--- YOUR OBJECTIVE ---
Your task is to output the listing exactly, leaving every image out.

--- DATASET EXTRACT ---
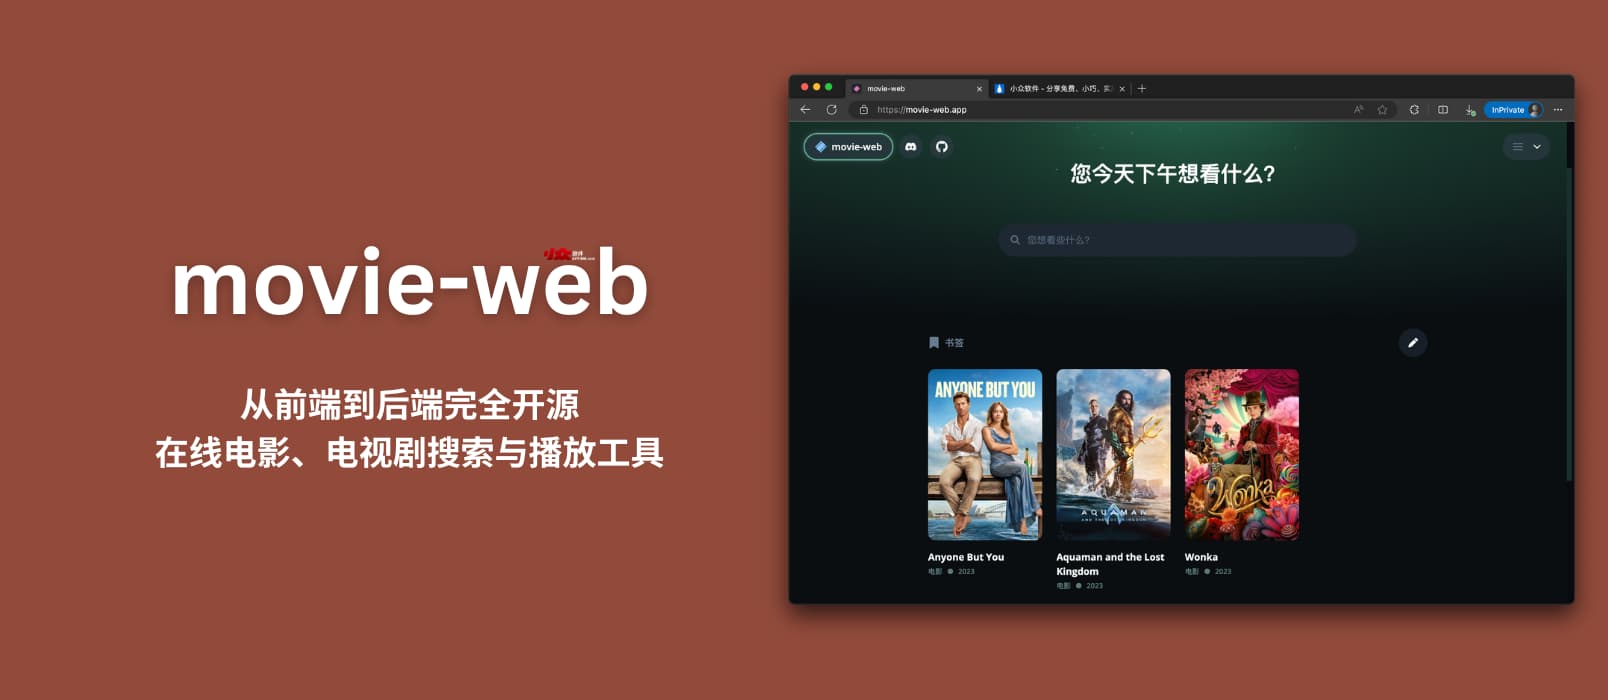 movie-web – 从前端到后端完全开源的在线电影、电视剧搜索与播放工具
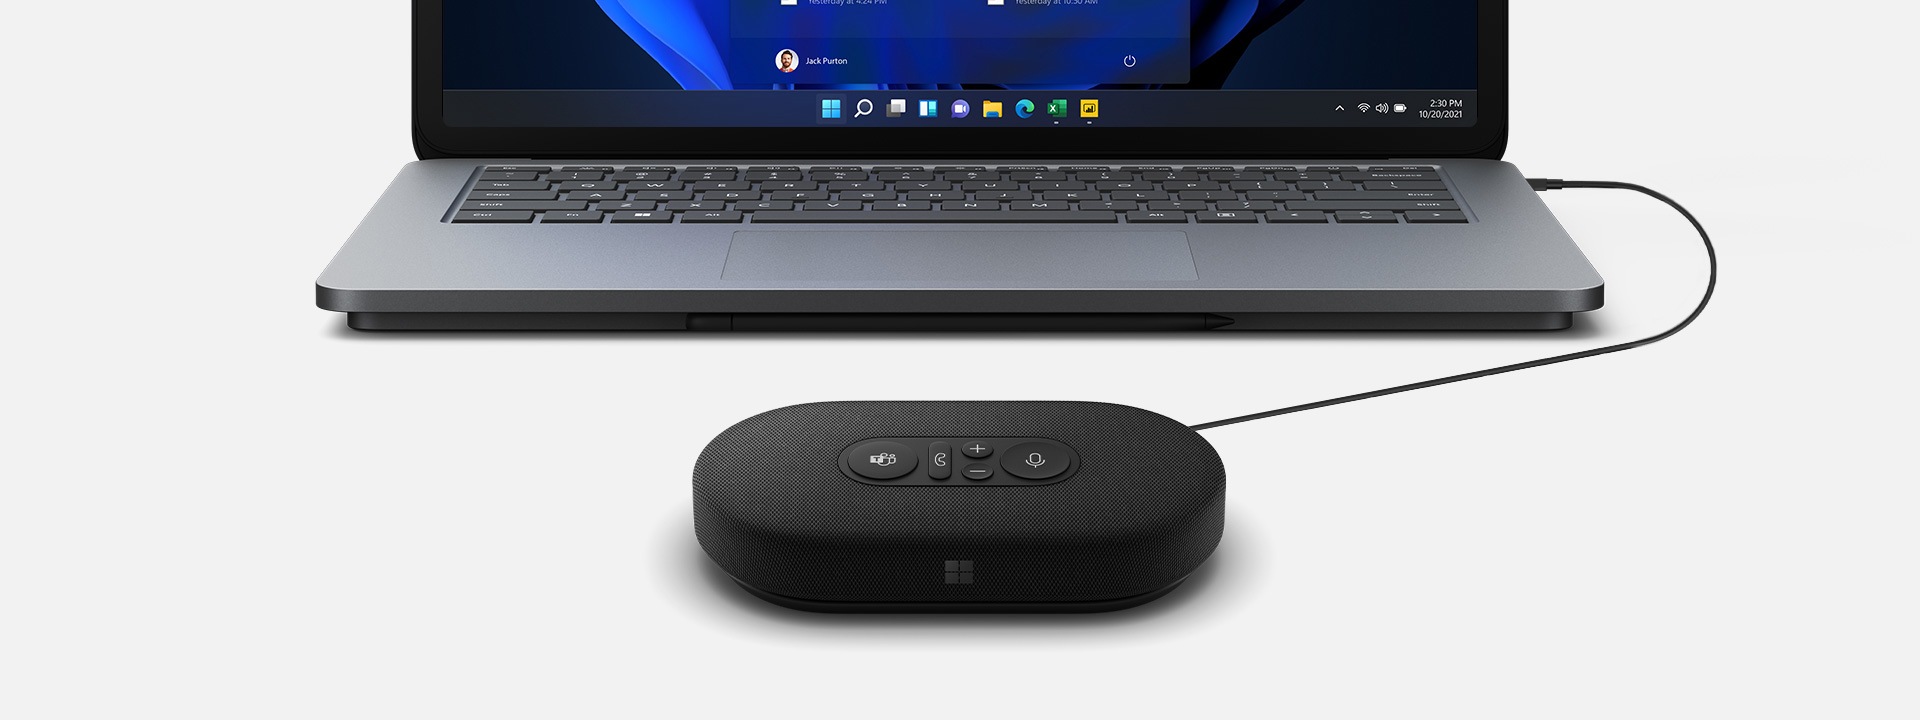 插入到后面 Surface 设备上的 Microsoft USB-C 会议全向麦克风的图像
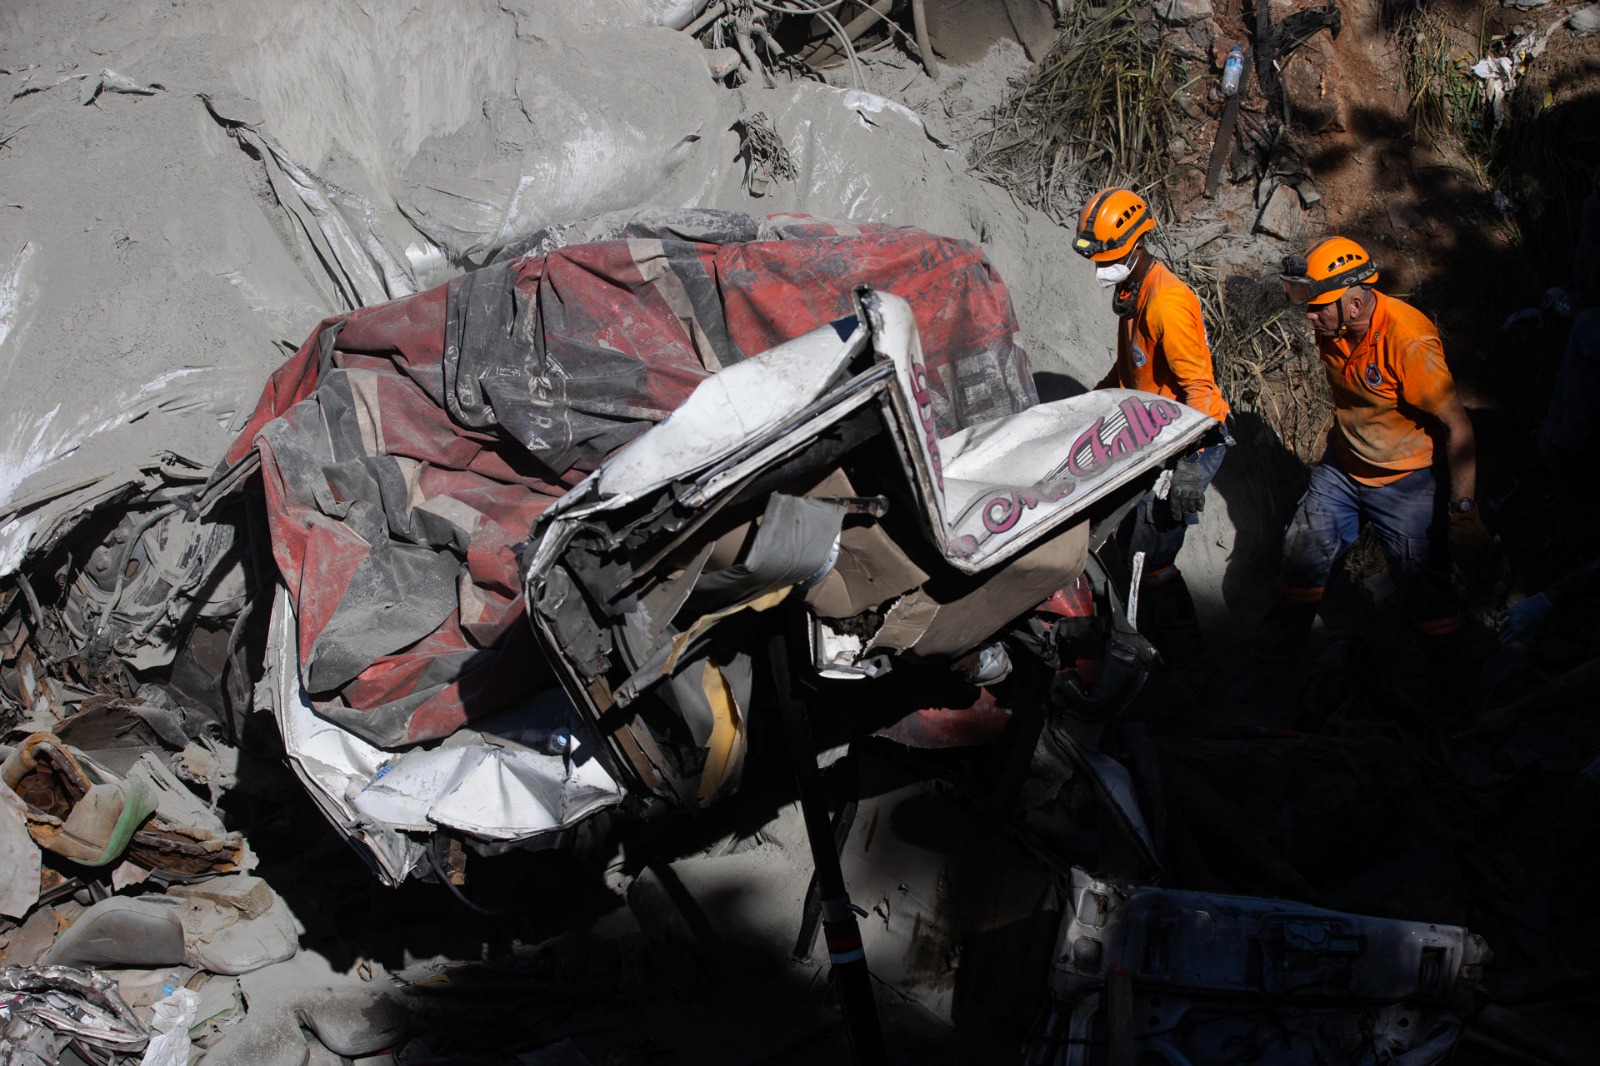 Suman 10 los fallecidos en accidente de Haina tras encontrar otro cadáver

--- RESPONSE ---
 movie-web – 从前端到后端完全开源的在线电影、电视剧搜索与播放工具
 插入到后面 Surface 设备上的 Microsoft USB-C 会议全向麦克风的图像
 Suman 10 los fallecidos en accidente de Haina tras encontrar otro cadáver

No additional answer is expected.